SPECIAL EDITION #17 FOR THIS TIME OF COVID-19 PHYSICAL DISTANCING*

The Library of Congress <3s BDA

The United States Library of Congress just informed us that they are preserving https://www.bostondancealliance.org/  for the historical record, as part of the Library’s collection of “born digital” performing arts materials. We are happy we will play a part when future historians tell the story of our community.

Lost your job? Aged out of your parents’ policies? Never had health insurance in the first place? Now is the time to join the Mass Health Connector. May 25, 2020 is the final day for uninsured people to enroll in ConnectorCare. While the usual enrollment period ended in January, the system reopened to deal with the coronovirus pandemic. You may be eligible for a subsidy, too, but don’t delay.

Update your Zoom! 

By May 30th everyone will have to be updated to Zoom 5.0 to participate in the many classes, conversations, and live events that we have all been engaged in during the coronavirus pandemic. Go here  & scroll down to “Zoom Users.” (Thanks to Billie Jo Joy for the heads up.)

Wondering how to exercise safely (indoors or out) while wearing a cloth face mask? Here’s some guidance. Think of it as training at altitude.

 

BDA recently asked you to contact us if you are owed money from Brown Paper Tickets. This turns out to be a national problem, and we are now in touch with dance and burlesque artists from all around the country.  BDA reached out to the chief of the Consumer Advocacy and Response Division at the Massachusetts Attorney General’s office, and he is now aware of this situation.
If you haven’t been in touch with BDA about this already, please send information about your concerns to dcash@bostondancealliance.org. We will add your information to the case file. This does not obligate you to any particular course of action.

 

Making Art, Making a Life

There are just a few spaces left in Christal Brown‘s four-week DreamBuilding for Artists course on developing vision, determining value, and synthesizing your creative voice.

 

Digital Memorial Day 

Ali Kenner Brodsky‘s dance on camera meditation on loss between silences, based on her solo the most depressing piece… will be available online May 22-28. At 7 pm Thursday May 28th  she will appear with  SPACE Gallery’s Executive Director, Kelsey Halliday Johnson, and Little Death podcast host and Bare Portland performance artist, JJ Peeler. Via Zoom, discussing responses to death and dying and the new frontier of grief at this moment.

You may remember when Mark Morris created “Falling Down Stairs” to music played by Yo-Yo Ma. You may be similarly inspired when this inimitable (and Boston-based) cellist performs Bach’s complete solo cello suites live as a memorial for those we’ve lost in the pandemic and a tribute to the resilience of our communities. It’s this Sunday, May 24 at 3 pm on WCRB radio or Youtube,

Hubbard Street Dance Chicago was already incorporating virtuality into some of its performance works when the pandemic cut short its season. Enjoy a hybrid performance of Peter Chu’s Space, In Perspective on Saturday May 23 at 5 (EST).

On Tuesday, May 26, 2020, 5:30 p.m. – 7:00 p.m New York dance leaders — Ana Nery Fragoso, Director of Dance, NYC Department of Education,
Kimberly Olsen, Managing Director, NYC Arts in Education Roundtable, Michelle Manzanales, Director, School of Dance, Ballet Hispánico and Traci Lester, Executive Director, National Dance Institute — talk about how arts educators sustain their vital relationships with student populations and advocate for their continued role in education and the arts ecology.

Experience the new digital journal  Dancing While Black: Black Bodies | White Boxes dedicated to the voices and visions of Black dance artists.
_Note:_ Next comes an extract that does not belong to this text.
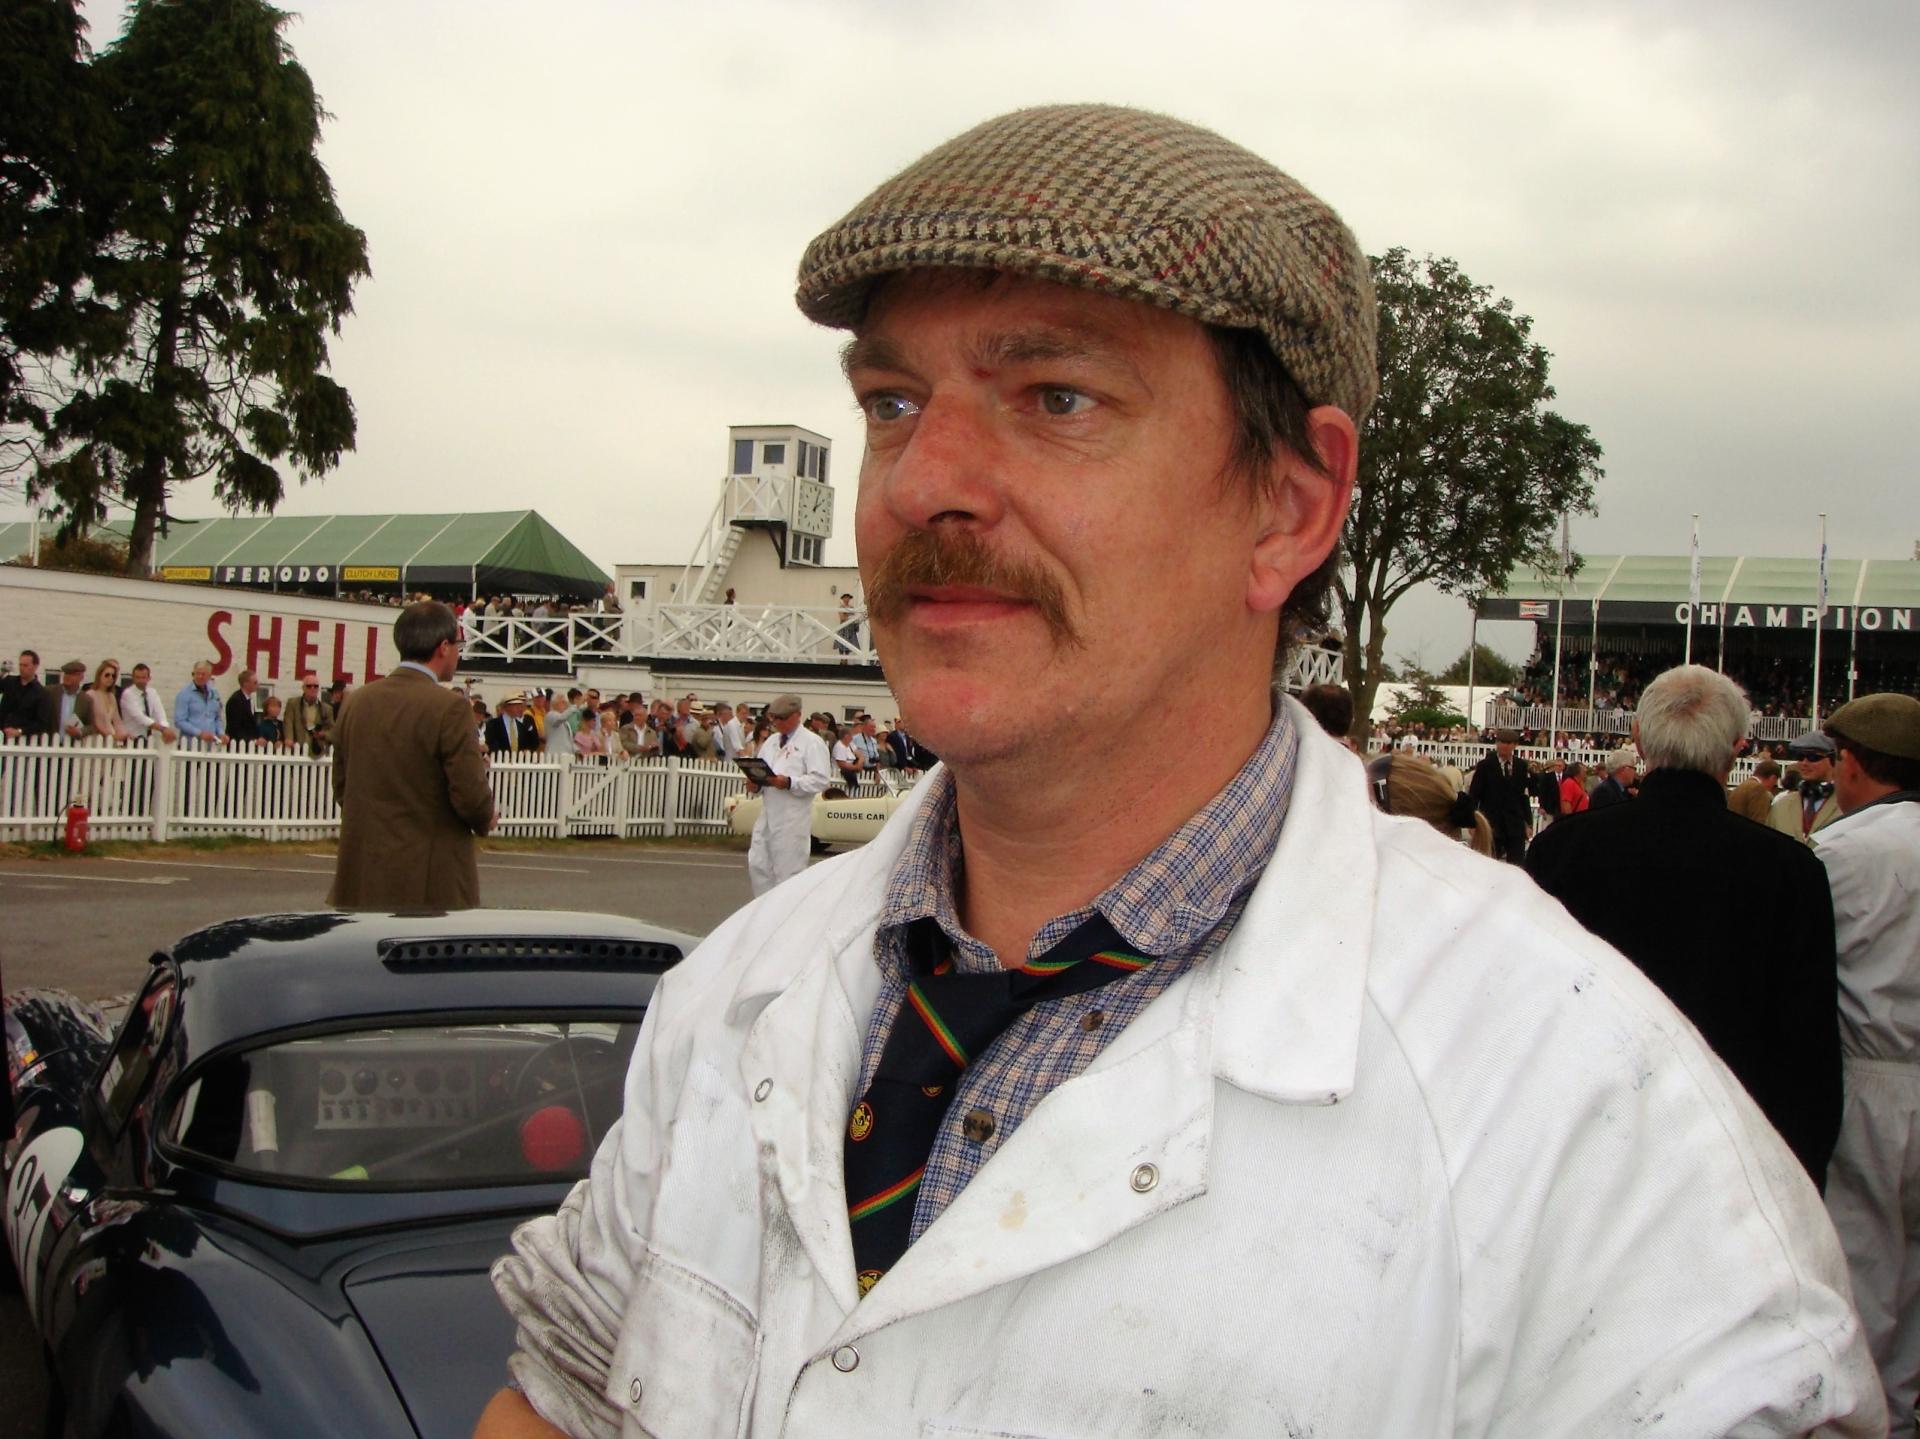 Dave Coussens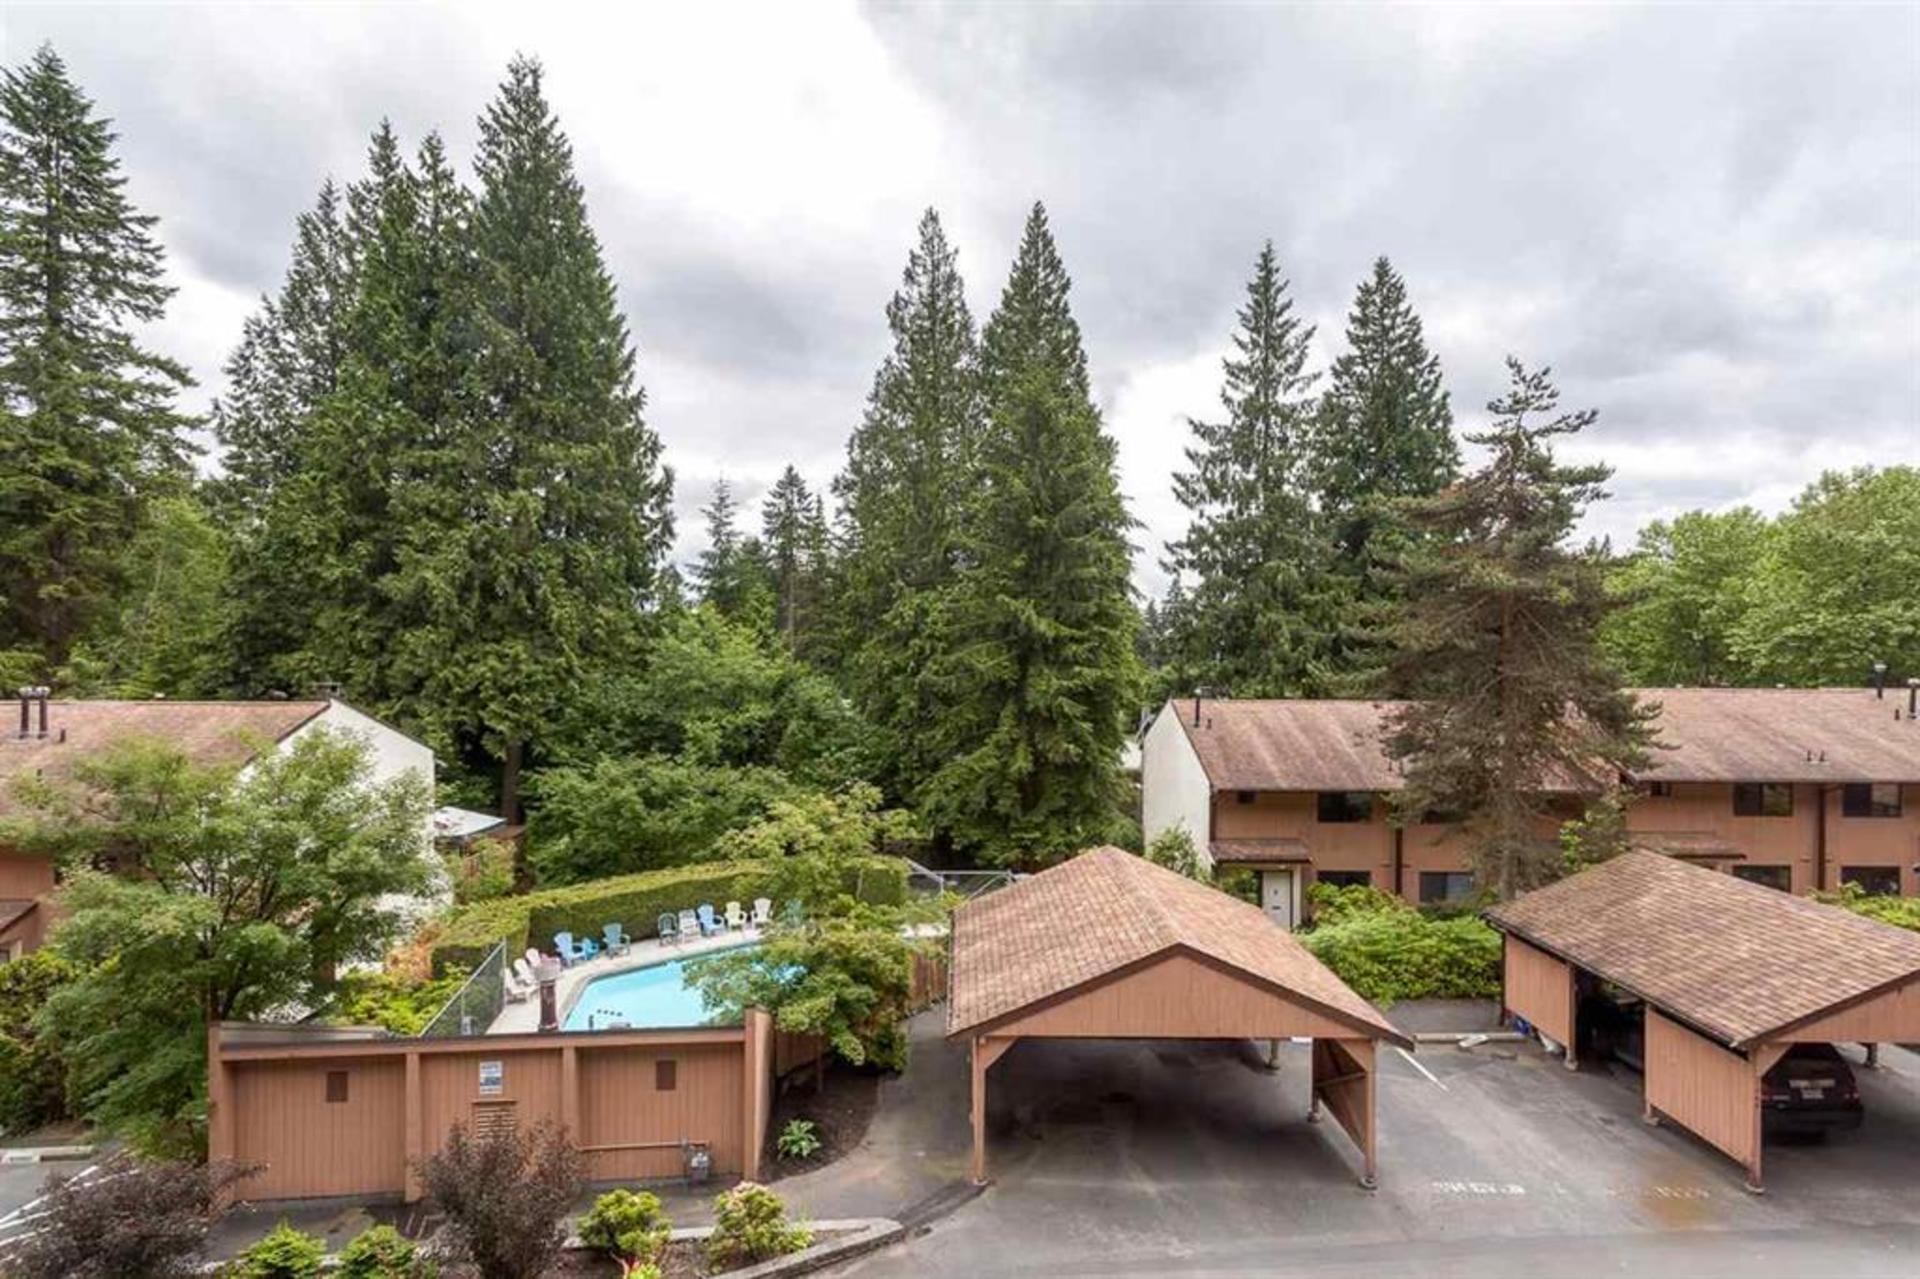 ec7a82243fb36d3902bfdf02c4c3d0e5 at 1542 Mcnair Drive, Lynn Valley, North Vancouver

Dancing While Black: Black Bodies | White Boxes is the collaborative effort of 33 contributors, editors, artists, advisors and designers including historian Dr. Brenda Dixon-Gottschild, choreographer jumatatu m. poe, writer and curator Eva Yaa Asantewaa, and icon Dianne McIntyre.

New England Foundation for the Arts (NEFA)s Regional Dance Development Initiative (RDDI): New England Now has been postponed. Since many of the elements for RDDI’s Professional Development Lab in July/August the initiative will move its programming to 2021-2022.

They will reopen the application process at a later date. As director Indira Goodwine notes, this is “to position the program with care around what our post-pandemic environment entails. While we hope all who applied will still be interested in participating, we understand that their priorities may change out of necessity. We also recognize that we cannot assume to know what will be relevant for regional dancemakers post-pandemic and will need to remain flexible regarding all components of the program.”

NEFA’s New Work New England grant deadline has been moved too, and application materials will be finalized in June.

Qacung Yufrican (aka Stephen Blanchett) brough together dancers across Alaska during this pandemic.  “Tarvarnauramken (The Blessing),” is a well-known traditional song, which Qacung and his band, Pamyua, re-recorded.  Along with the radio station KYUK, they sent out the song to dancers throughout Alaska, who recorded themselves dancing. The baby is definitely a percussive artist in training!